Something to remind us the ephemera and impertinence of our little fragments of joy.
Yesterday, a friend of mine asked me why I looked depressed. I wanted to tell him that I was melancholic, which is a different thing. But, I don’t like to tell people the mere thoughts on my mind. So, I just passed over it and smiled.
Three days ago, I, finally, talked with that girl. It was an unaccustomed and weird-that I know I talked about such things, but they were all unrelated. I couldn't help but jumped over from one topic to another like a grasshopper does when it sees the new-born spring grass. But, the other day I was sad again – for that the girl saw me, but not even waved at me. So, I took a walk at night to see the moon’s lonely but a merry look, shining in-and-among itself.
“Why don’t you tell something”, shouted my friend at me the other day. “We talked for twenty minutes, and you didn't even frown”, was his last sentence. Why did he ask that to me? Am I not always like that? That ignorant person with a deceptive smile on his face? But, I smiled again and passed over it.
People tell that I look sad, but when asked of it, don’t tell the reason. But, sometimes I feel sad, not because I feel separated and far away from them. Nor is it because I cannot tell what I want. It is just because.

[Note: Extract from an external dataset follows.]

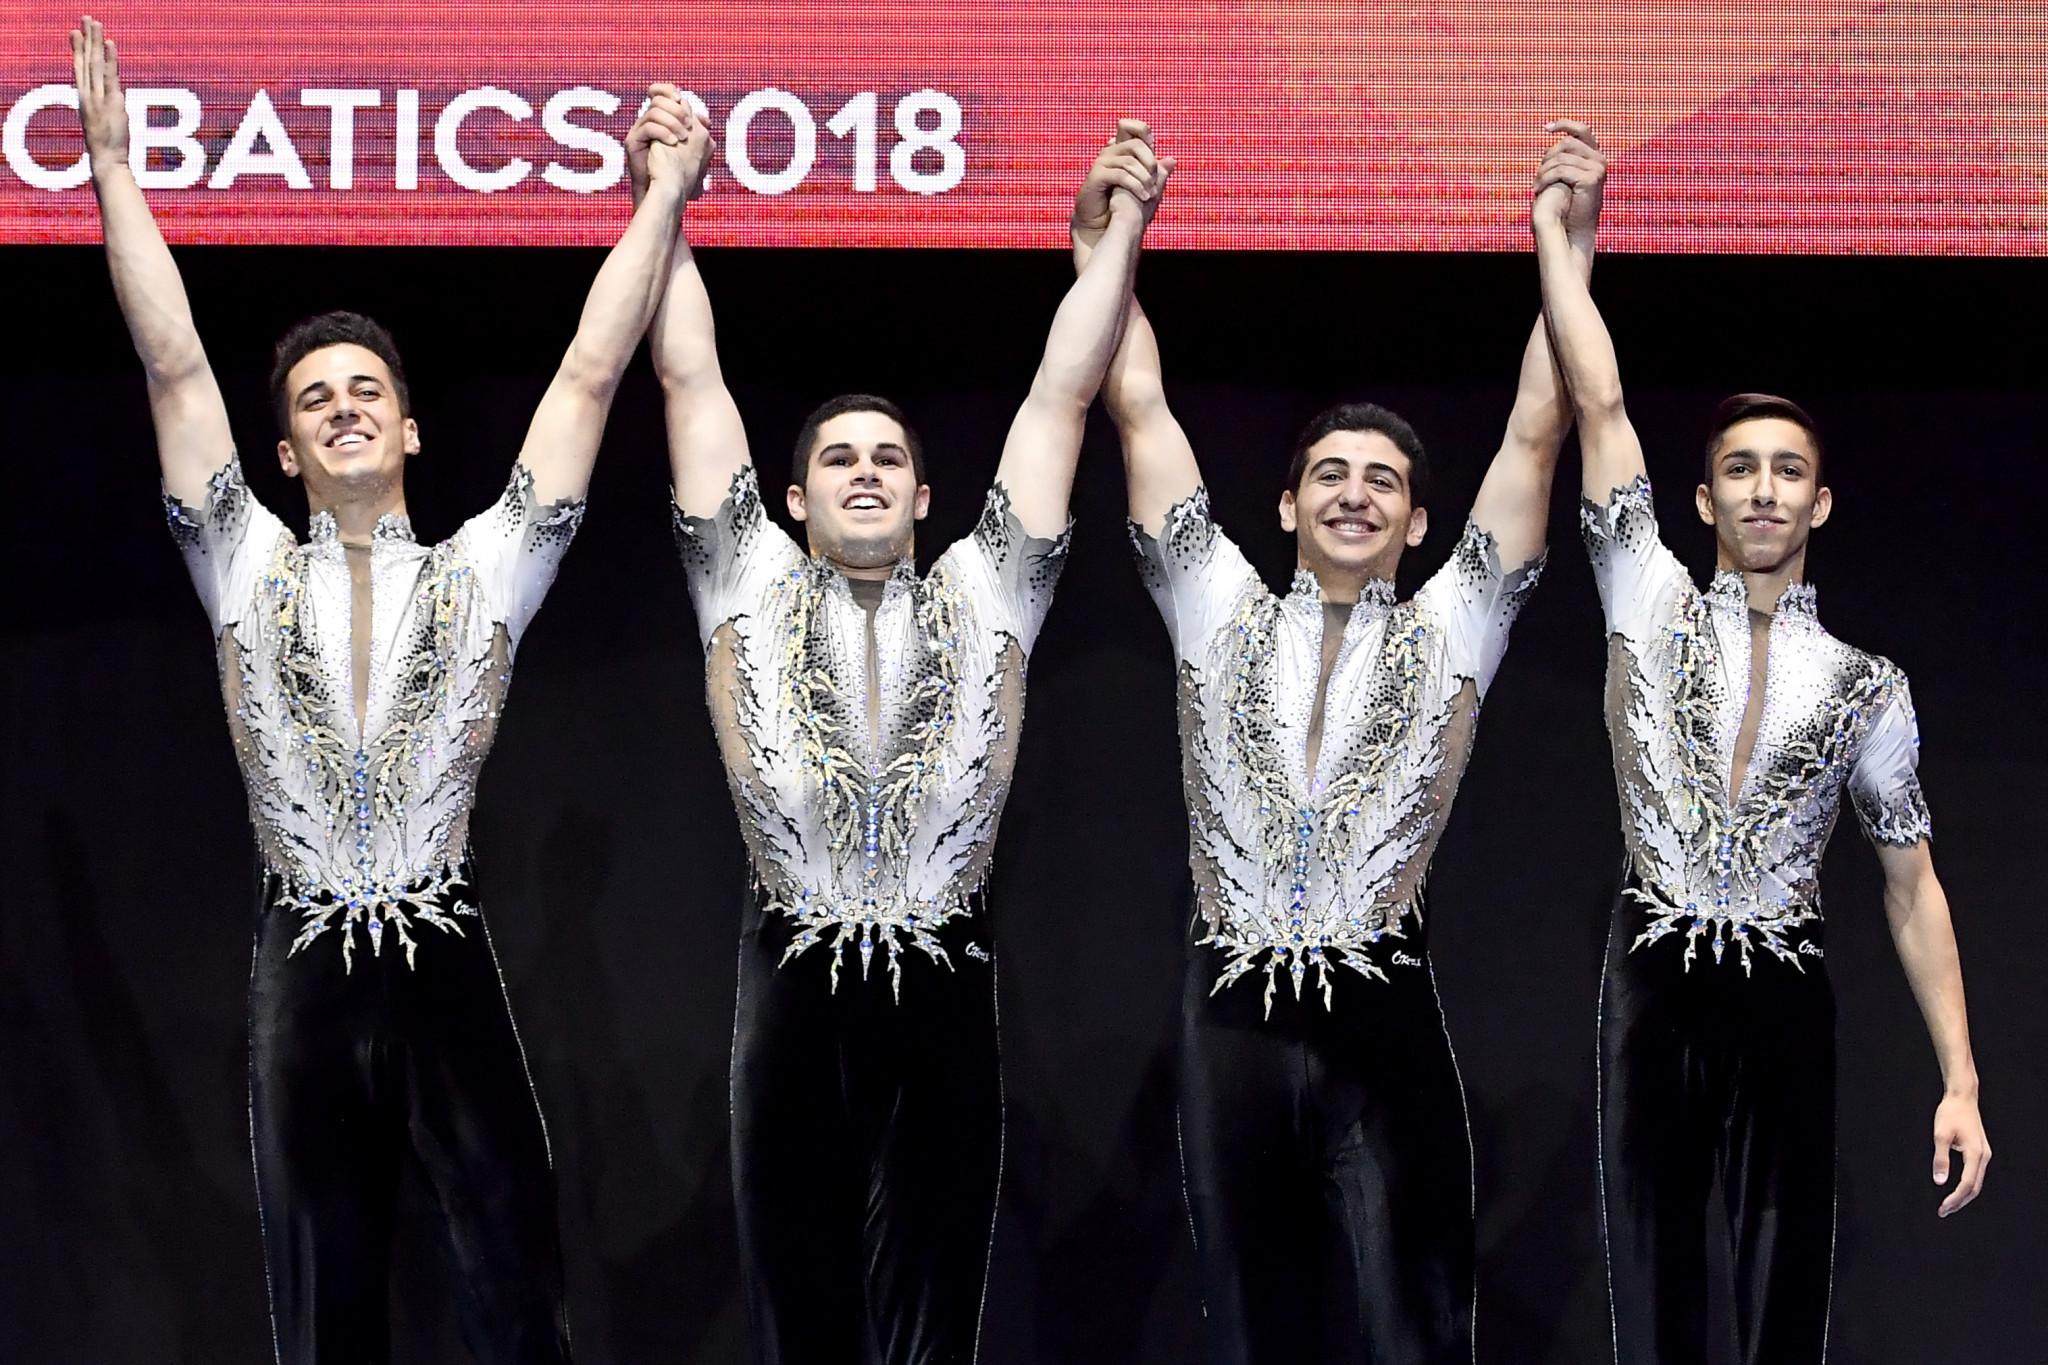 FIG awards 2024 Acrobatic Gymnastics World Championships to Israel

It is like the sadness is a person and searches for someone to live with, yet always finds me.
Perhaps, no one can help me to get out of this-that the sadness has become a capsule of my soul. But, I am not upset about this. Maybe, I don’t want to be with people; maybe, this will always be the same way. But, I am used to it. Yet more, I like it. Sometimes, when I get lonely and aloof, which people say is same as being sad, a new window is opened to me. A window so full of sorrows and happiness at the same time, all merged and tangled together. And sometimes, that makes me smile. I laugh at the delight, at the epiphany of the complexity, the inconceivable scenery of the nature.
--Yet, this burden persists. But, I do not have an exit from it. Sometimes, because I am sad, I want to cry in front of everybody; I want to scream when taking a shower. But, I can’t. I can’t, because I am afraid people would talk behind me. I can’t, because I want to look happy like everyone else is.
So, I hid myself. I conceal my soul behind a facade of deceptive smile-for that way, nobody would see my true soul; for that way, that way I would be happy.